Supplied data
>>>
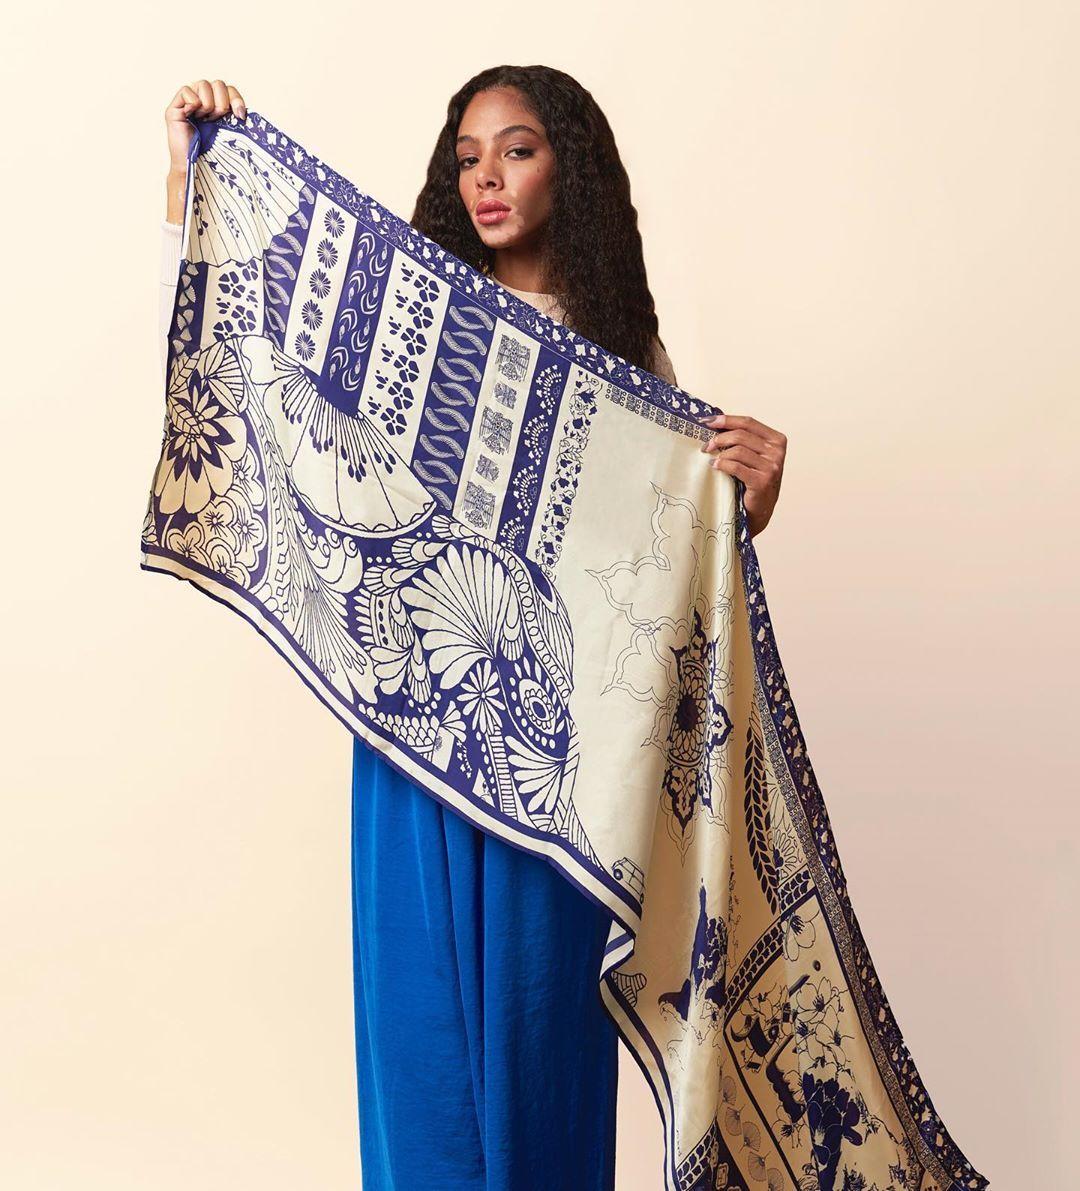 Foulard فولار On Instagram يا مسافر Our Monochrome Lamshaml Scarf Is Available In Silk Cotton Shop Online Www Foulardstore Fashion Saree Scarf
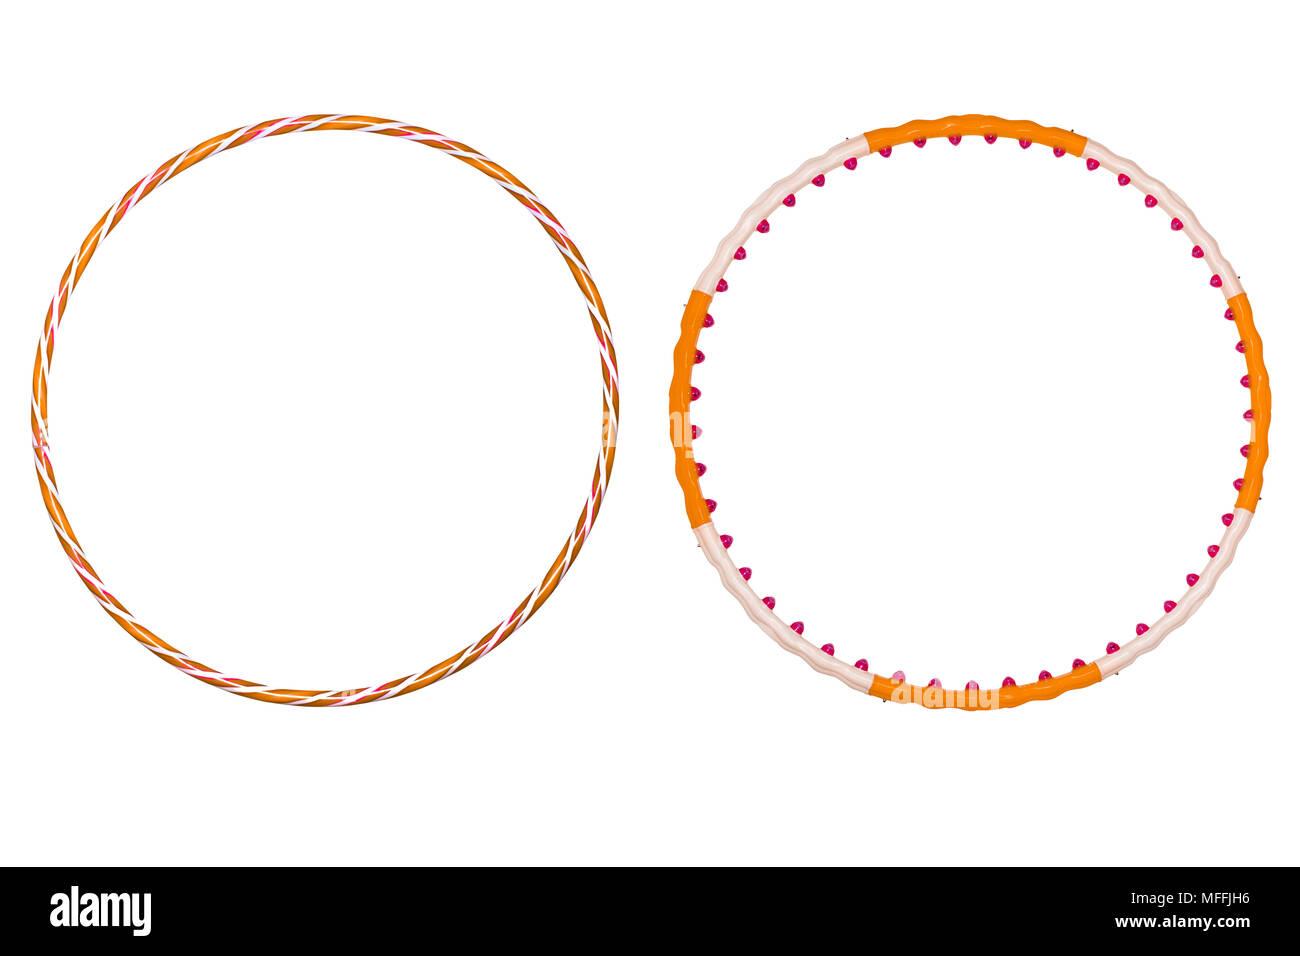 The hula Hoop isolated on white background - Stock Image
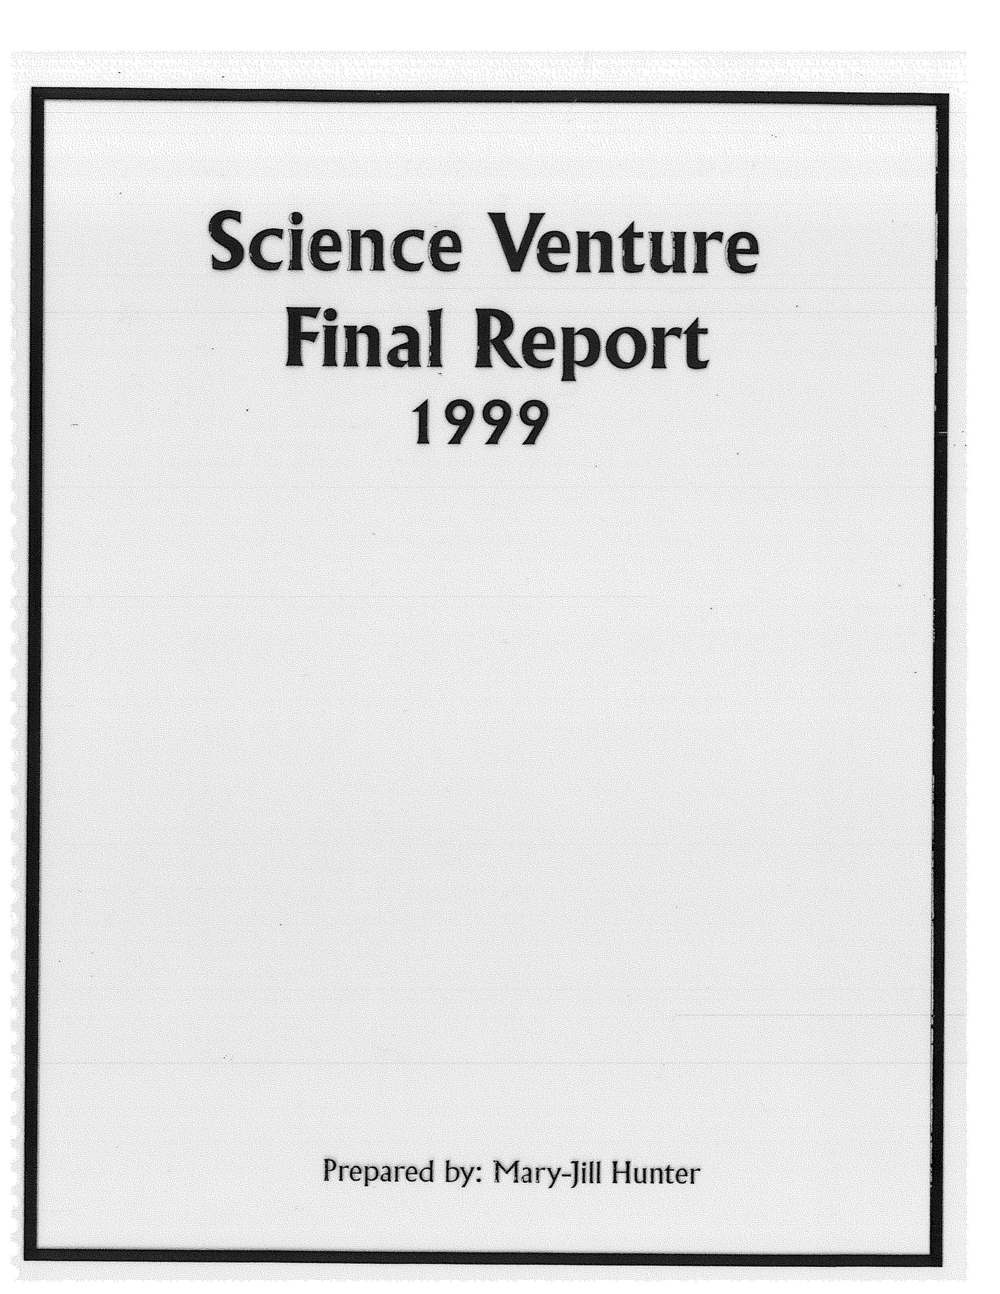 Final_Report_1999.jpg
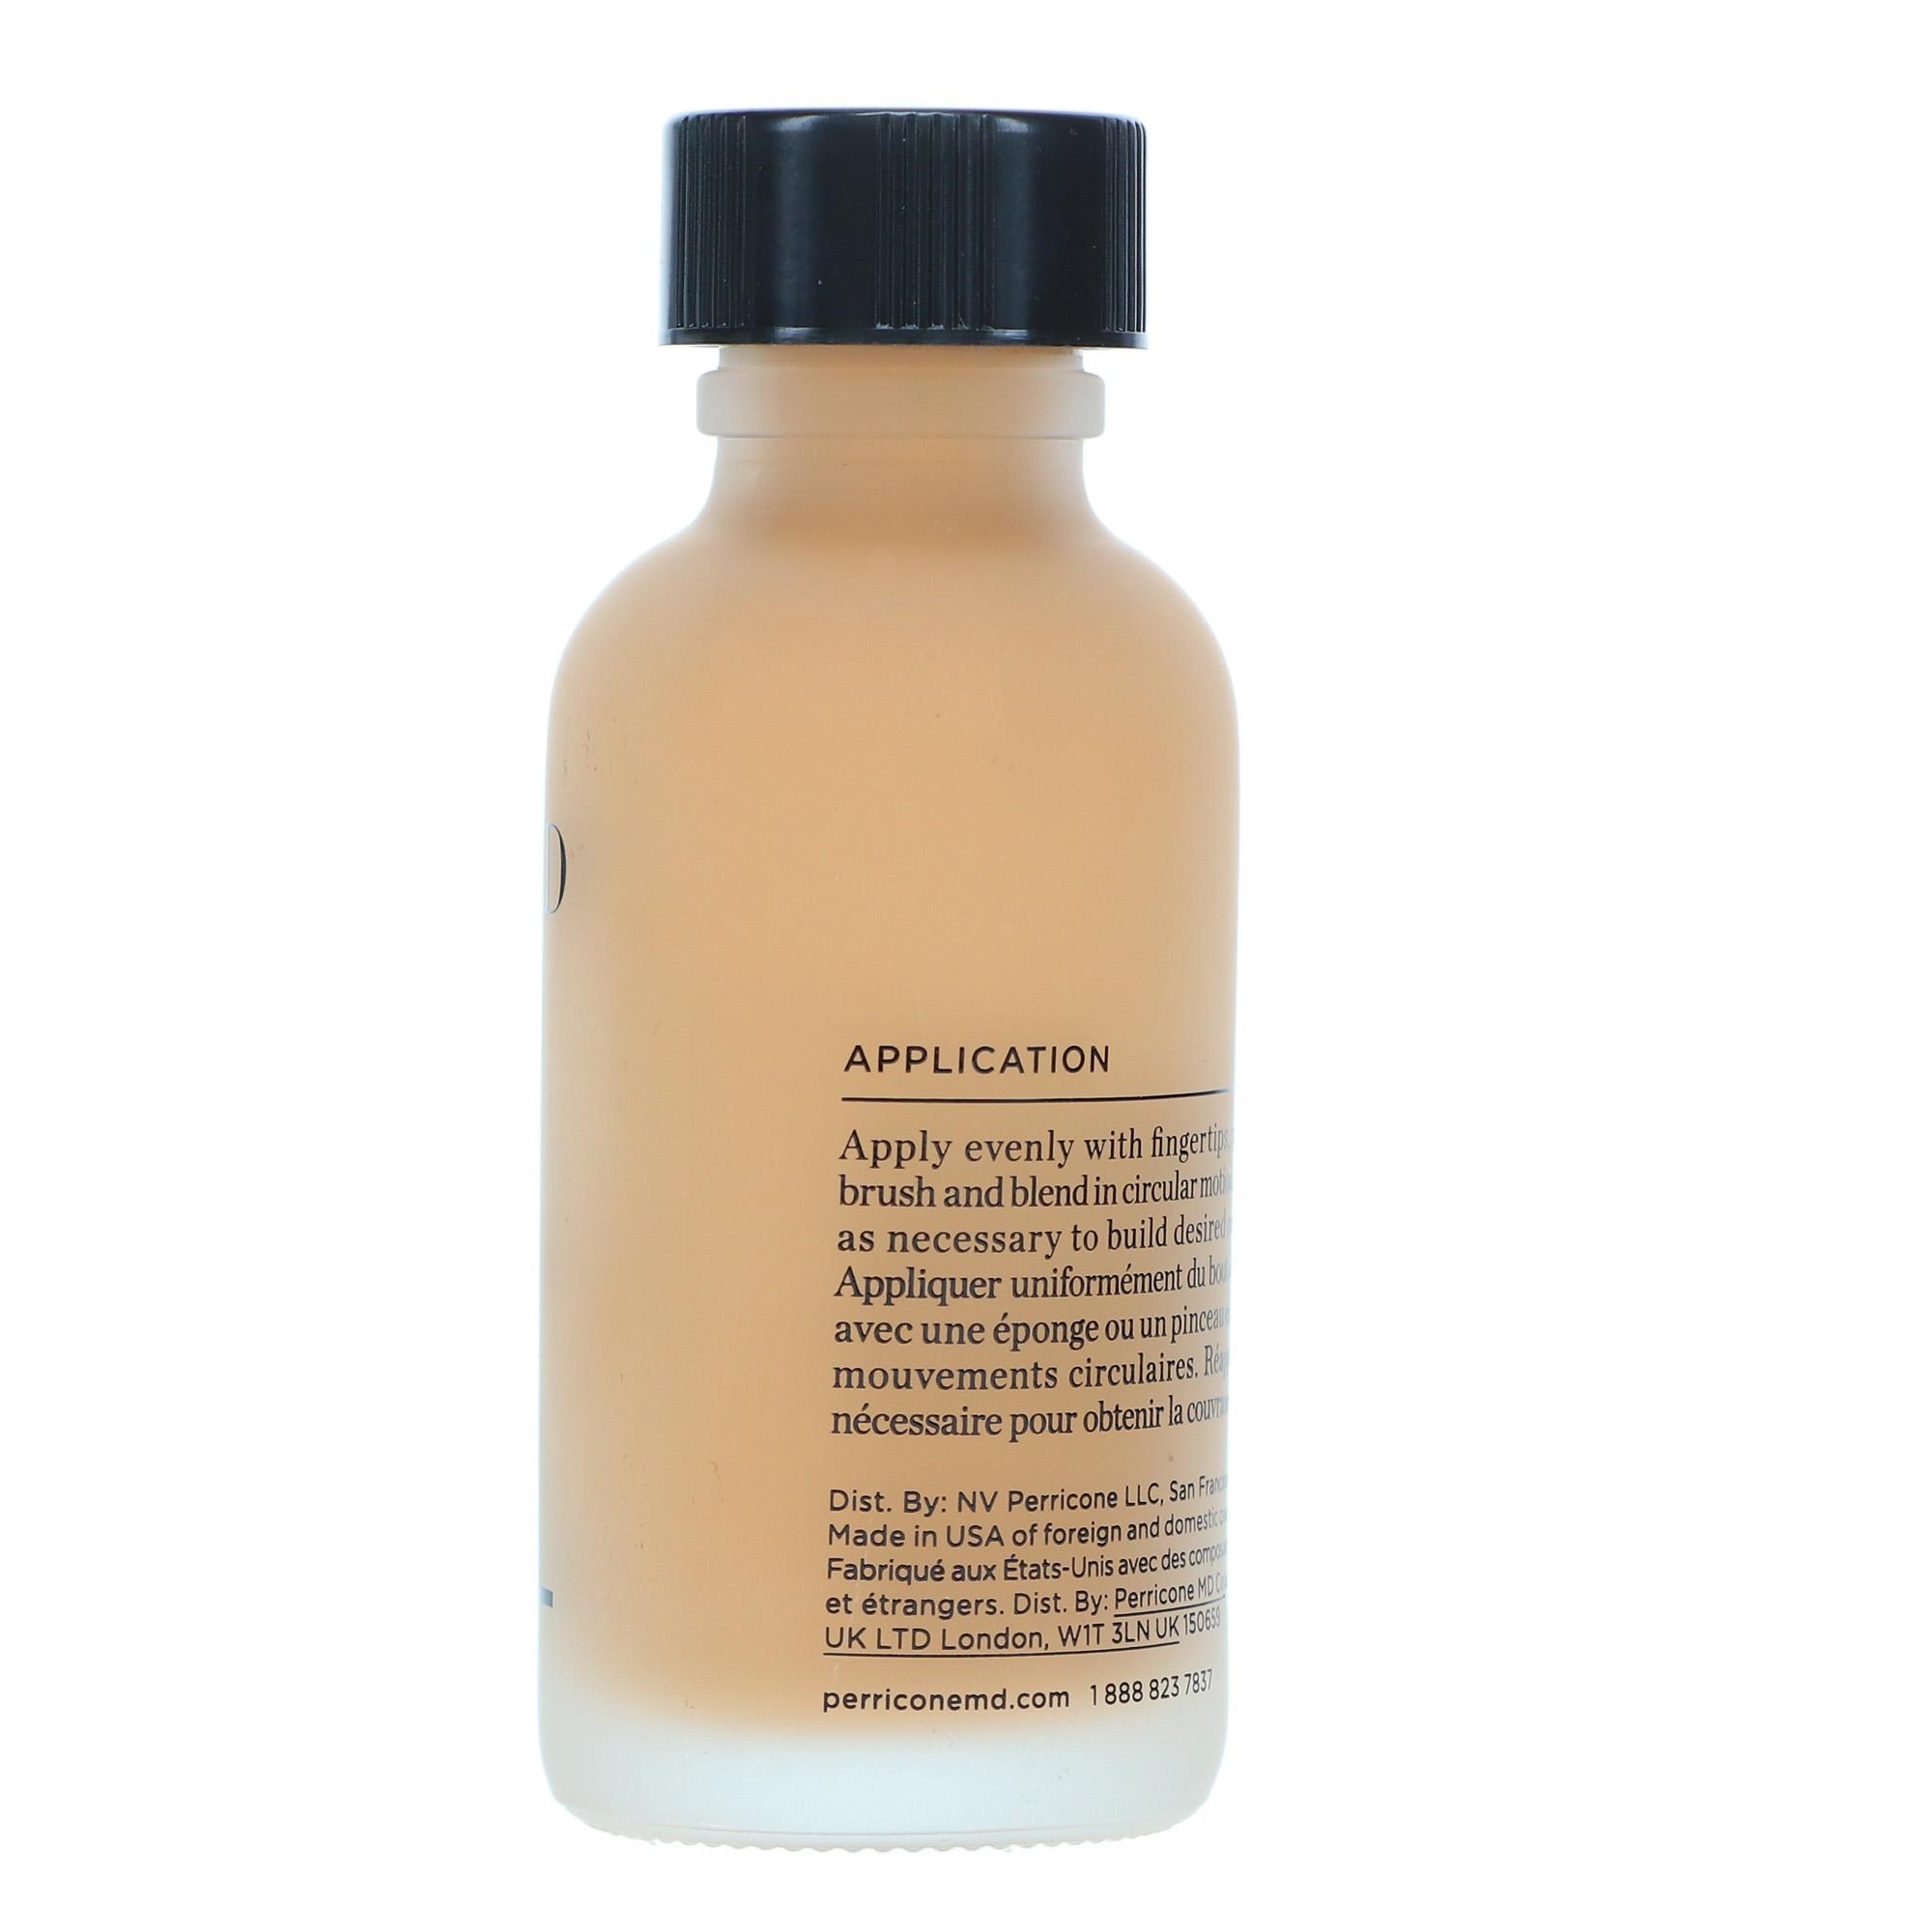 Perricone MD No Makeup Foundation Serum Nude (#2) 1 oz
<<<
Task
None of the pictures should be kept; reproduce all the remaining material exactly.

Exercise solution
 Foulard فولار On Instagram يا مسافر Our Monochrome Lamshaml Scarf Is Available In Silk Cotton Shop Online Www Foulardstore Fashion Saree Scarf
 The hula Hoop isolated on white background - Stock Image
 Final_Report_1999.jpg
 Perricone MD No Makeup Foundation Serum Nude (#2) 1 oz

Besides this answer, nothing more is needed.